Given information:
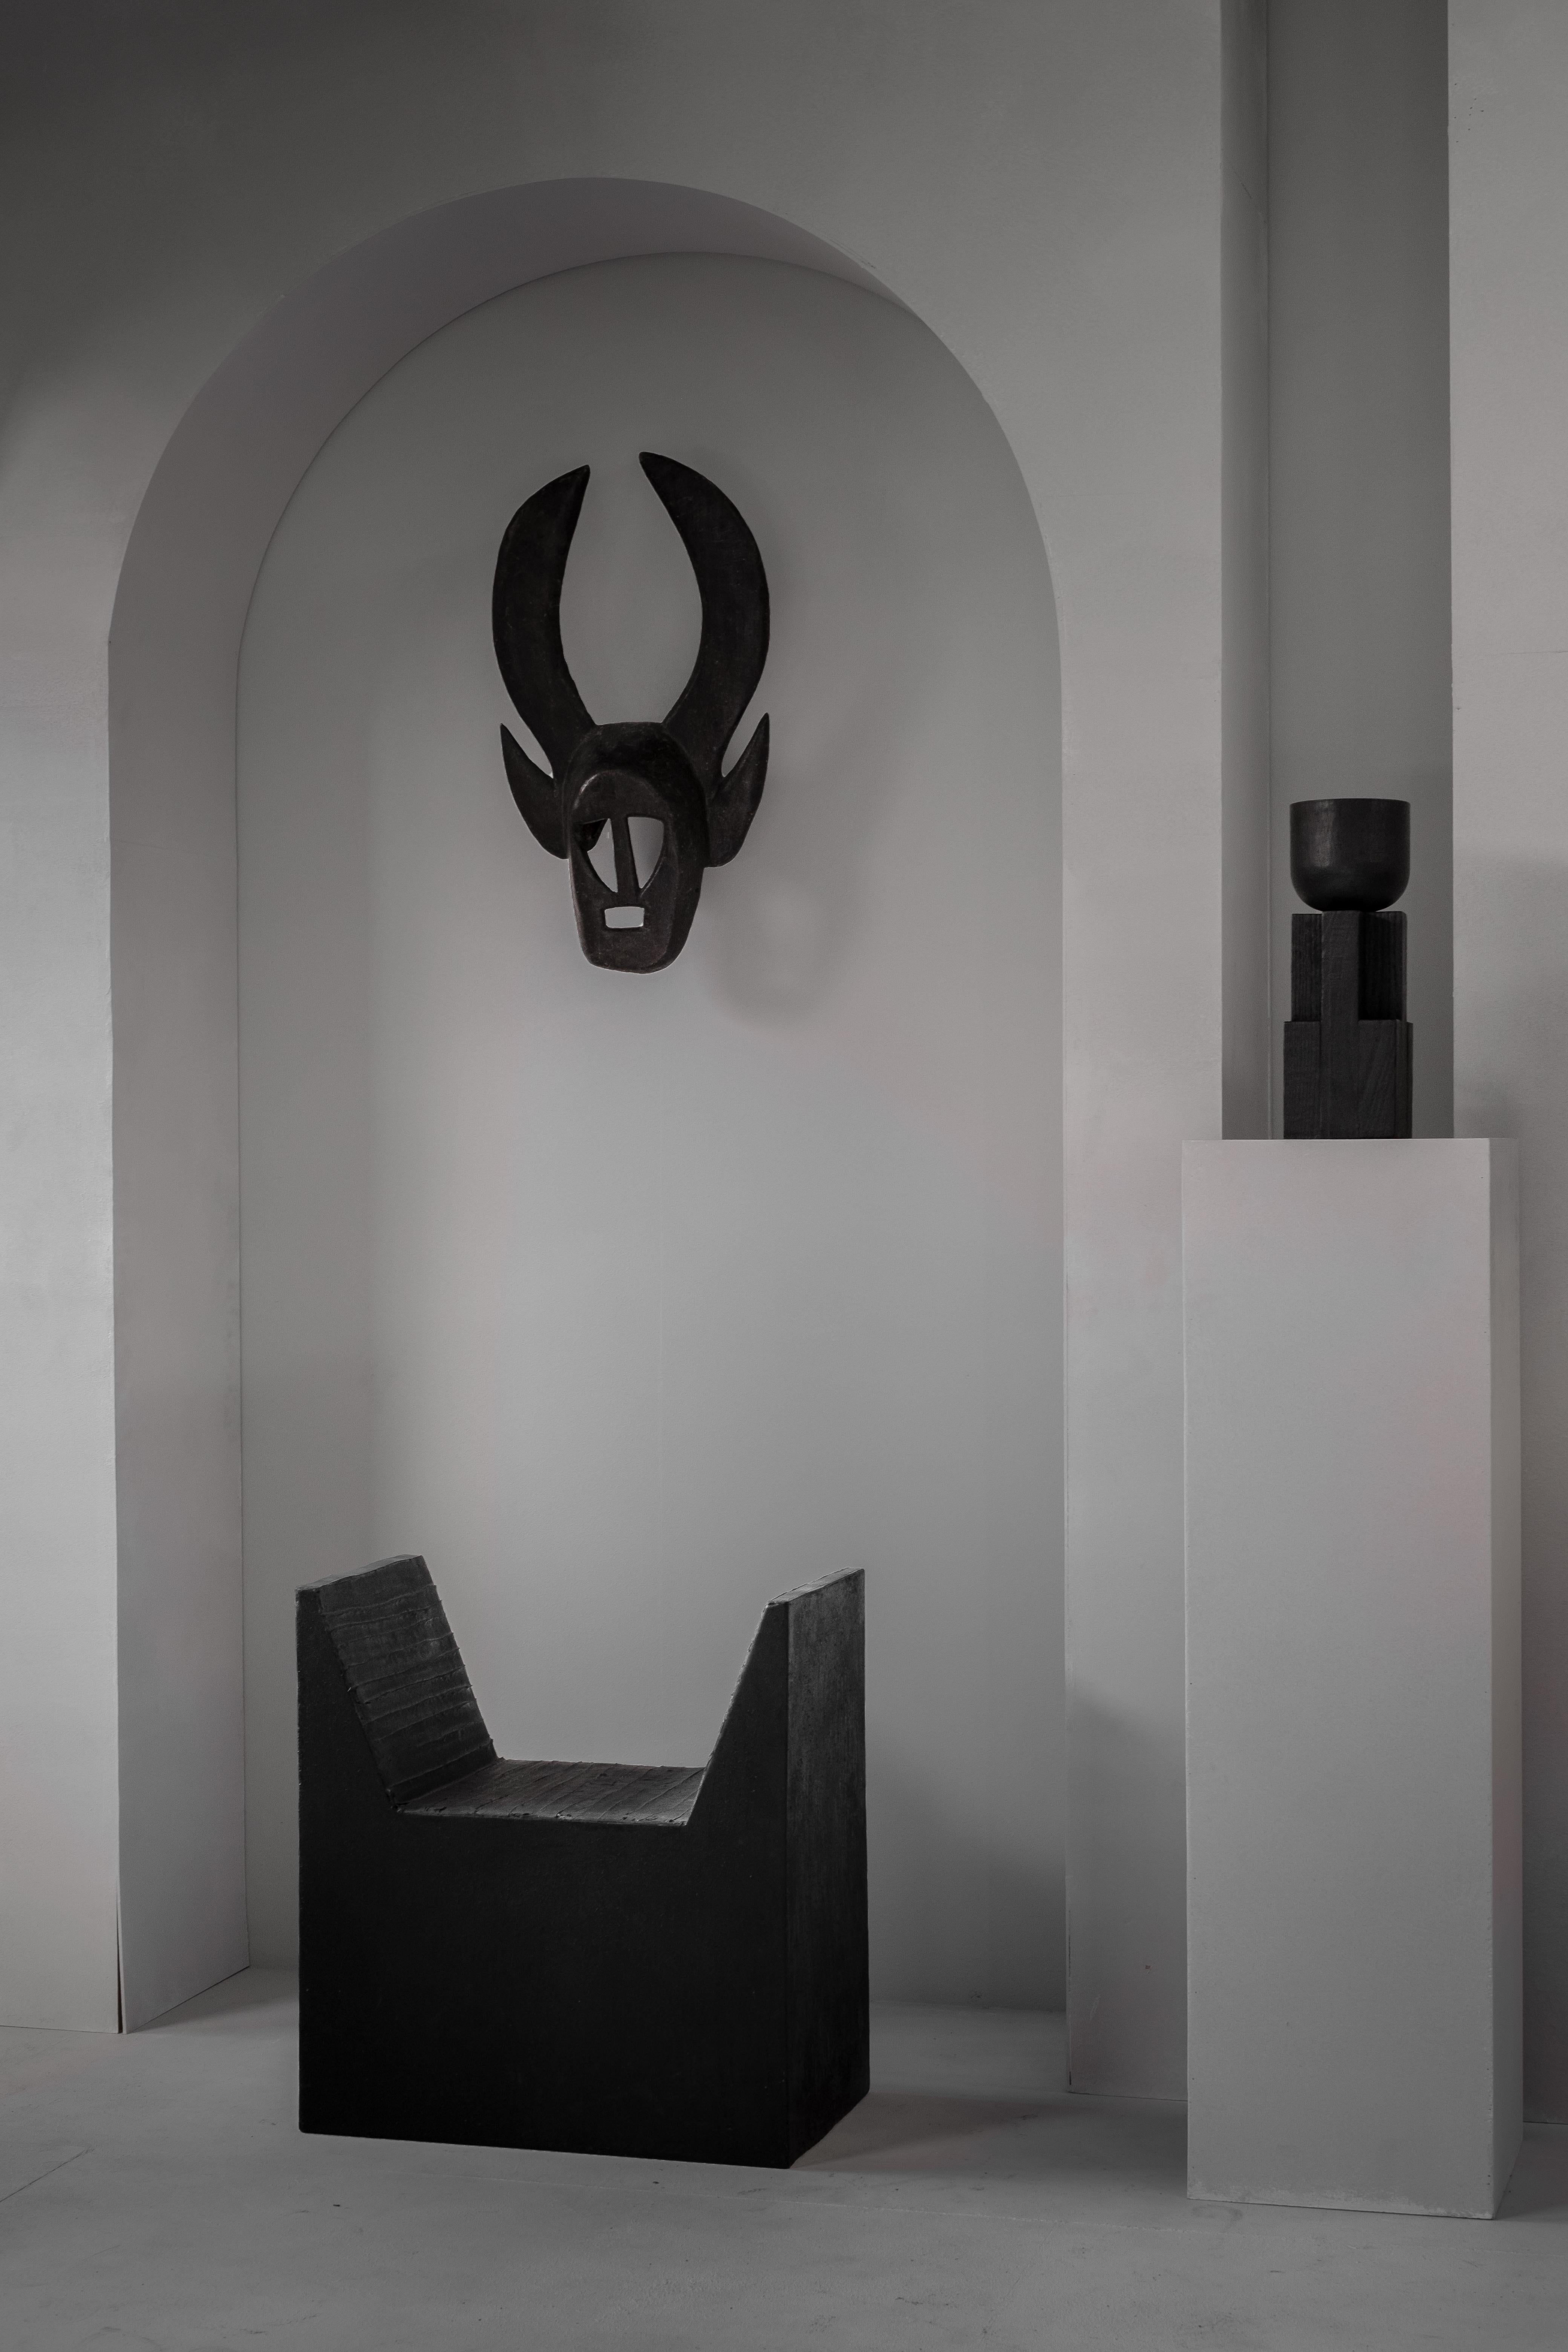 Sculptural stool - Arno Declercq

Measures: 
Small: 63 cm L x 38 cm W x 69 cm H
24,8” L x 15” W x 27

Work order: What is needed is an exact copy of the data, without any pictures.

Answer to this exercise:
 Sculptural stool - Arno Declercq

Measures: 
Small: 63 cm L x 38 cm W x 69 cm H
24,8” L x 15” W x 27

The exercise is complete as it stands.